Synthesis, solvatochromism, electronic structure and nonlinear optic properties of quinolin-8-yl 2-hydroxybenzoate

Ayşegül Gümüş, Yadigar Gülseven Sıdır, İsa Sıdır, Selçuk Gümüş


Quinolin-8-yl-2-hydroxybenzoate (abbreviated as QHB) was synthesized and investigated both experimentally and theoretically to obtain its physical and electronic properties. The electronic structure and spectral behavior have been determined by using UV-vis absorption and fluorescence spectra in different 11 polarity solvent medium. The absorption band observed at 306 nm-308 nm is found to having mix of π-π* and n-π* electronic transitions due to its geometrical structure in the solution phase.

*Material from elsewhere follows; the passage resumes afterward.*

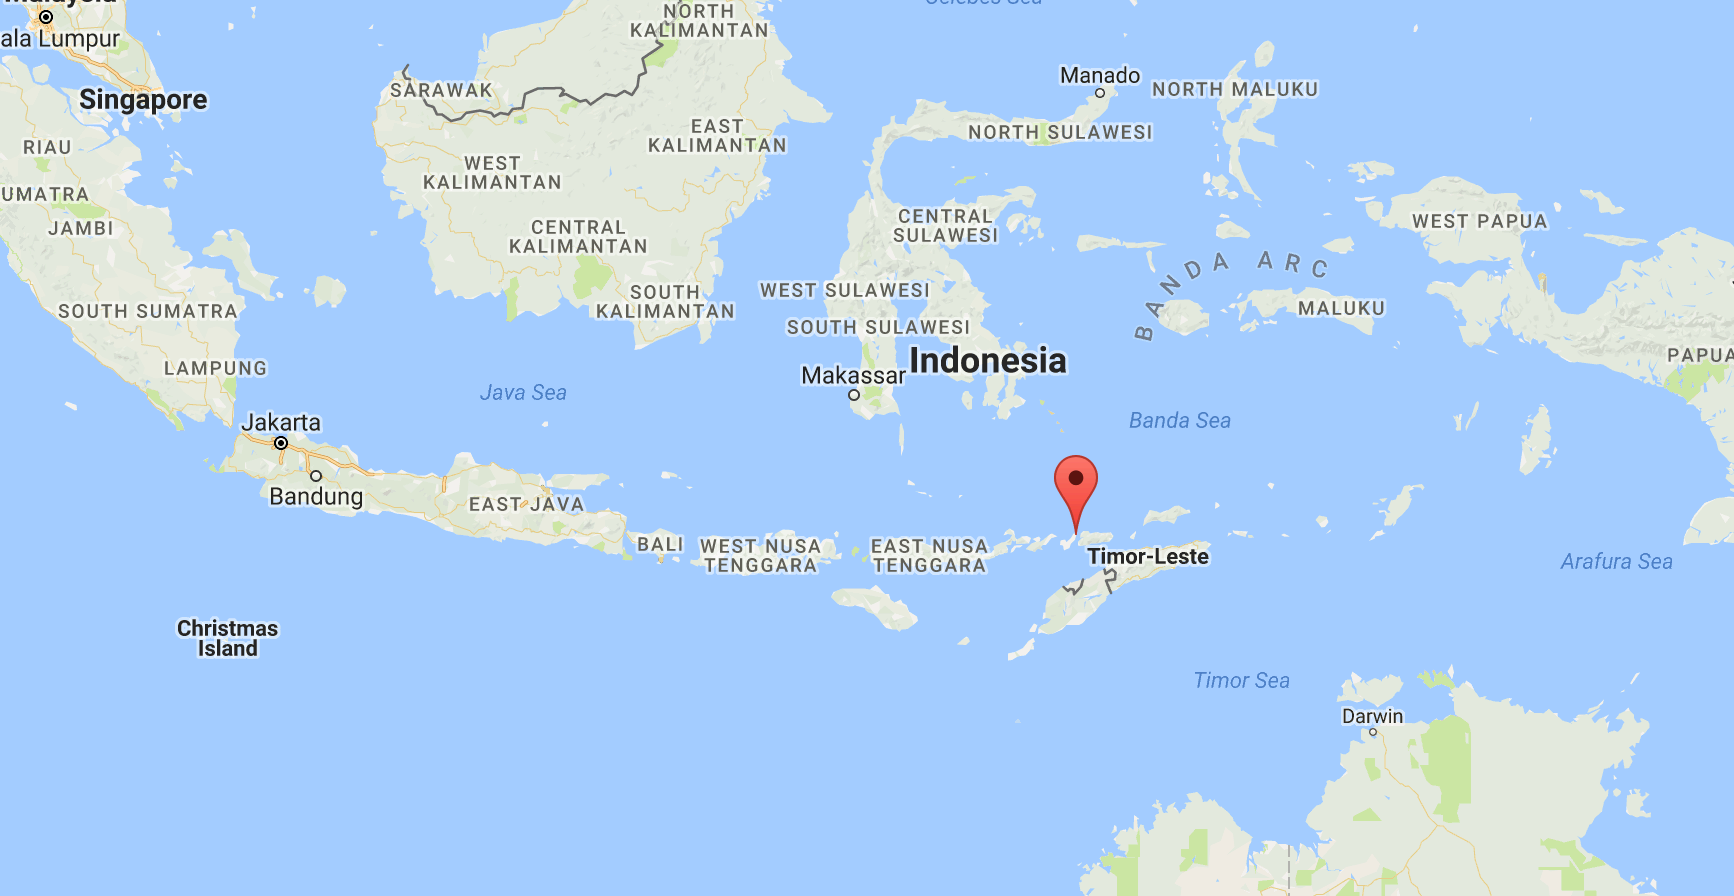 Бали остров в малайском архипелаге (достопримечательности)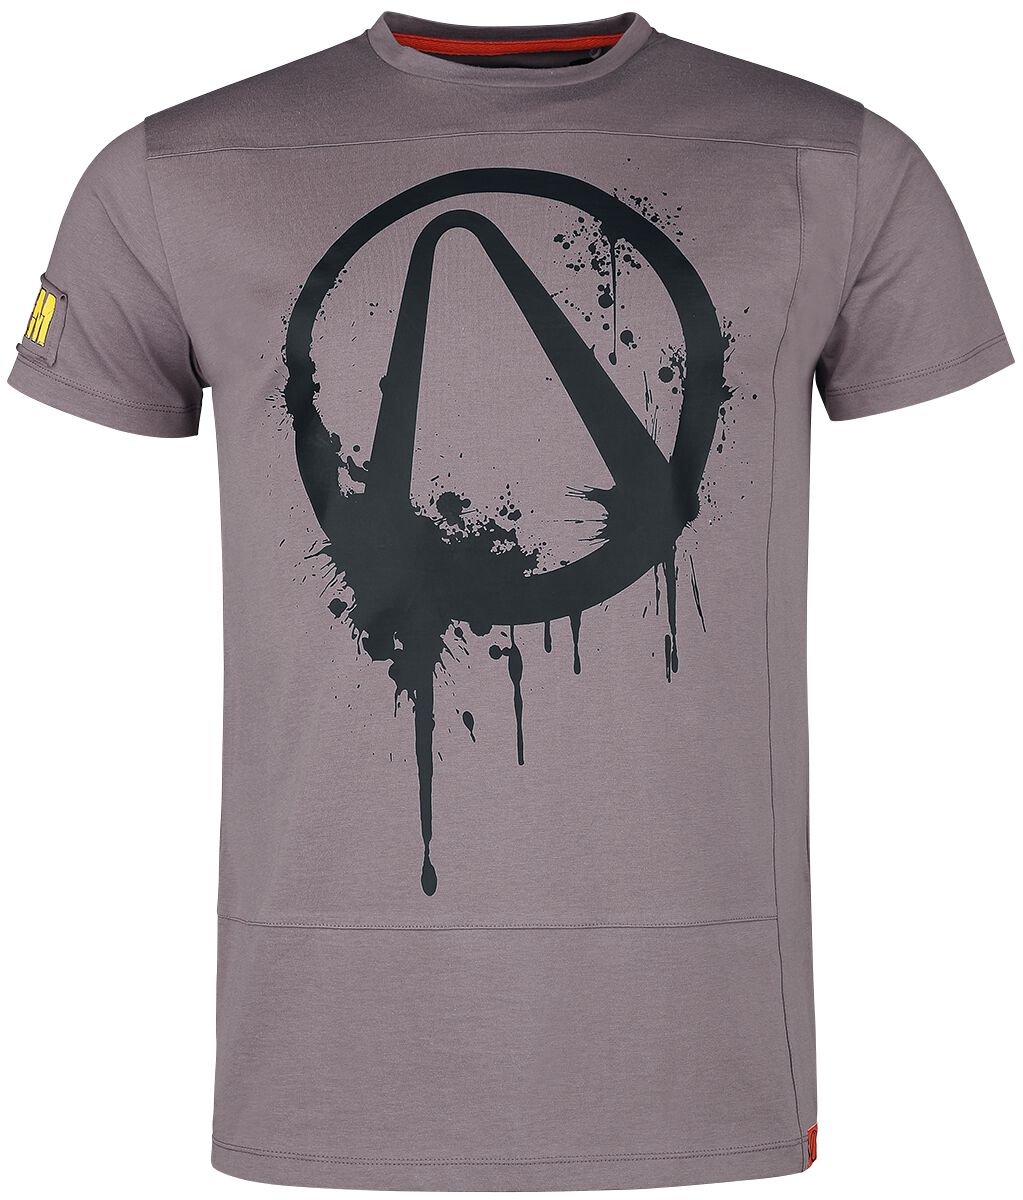 Borderlands - Gaming T-Shirt - Mayhem - S bis M - für Männer - Größe S - braun  - EMP exklusives Merchandise!

Solvatochromism of QHB is investigated by using Kamlet-Taft and Catalan methods based on the linear solvation energy relationships (LSER). Kamlet-Taft solvatochromic model indicates that spectral shifts of absorption and fluorescence spectra are effectively controlled by dispersion-polarization forces which describe the non-specific interactions. Solvatochromic model of Catalan designates that solute-solvent interaction is governed by solvent polarity in the absorption spectra and by solvent acidity in the fluorescence spectra. Non-specific interactions have greater effect on fluorescence spectra compared to absorption spectra. Computational calculations were performed by the application of B3LYP/6-311+(d,p) level of theory. Conformational analysis is performed for QHB and five staggered conformers are observed on torsional potential energy surfaces. Accordingly, the most stable conformer is found as involving intra-molecular hydrogen bonding. The geometry of the other conformers indicates that the absence of hydrogen bonding gives rise to relatively higher energy.  Frontier molecular orbitals (HOMO, LUMO) and non-linear optical (NLO) parameters have been calculated by B3LYP/6-311+(d,p) level of theory. Theoretical UV spectra both in gas and solution phases have also been investigated by TDDFT-CAM-B3LYP/6-311+(d,p) level of theory.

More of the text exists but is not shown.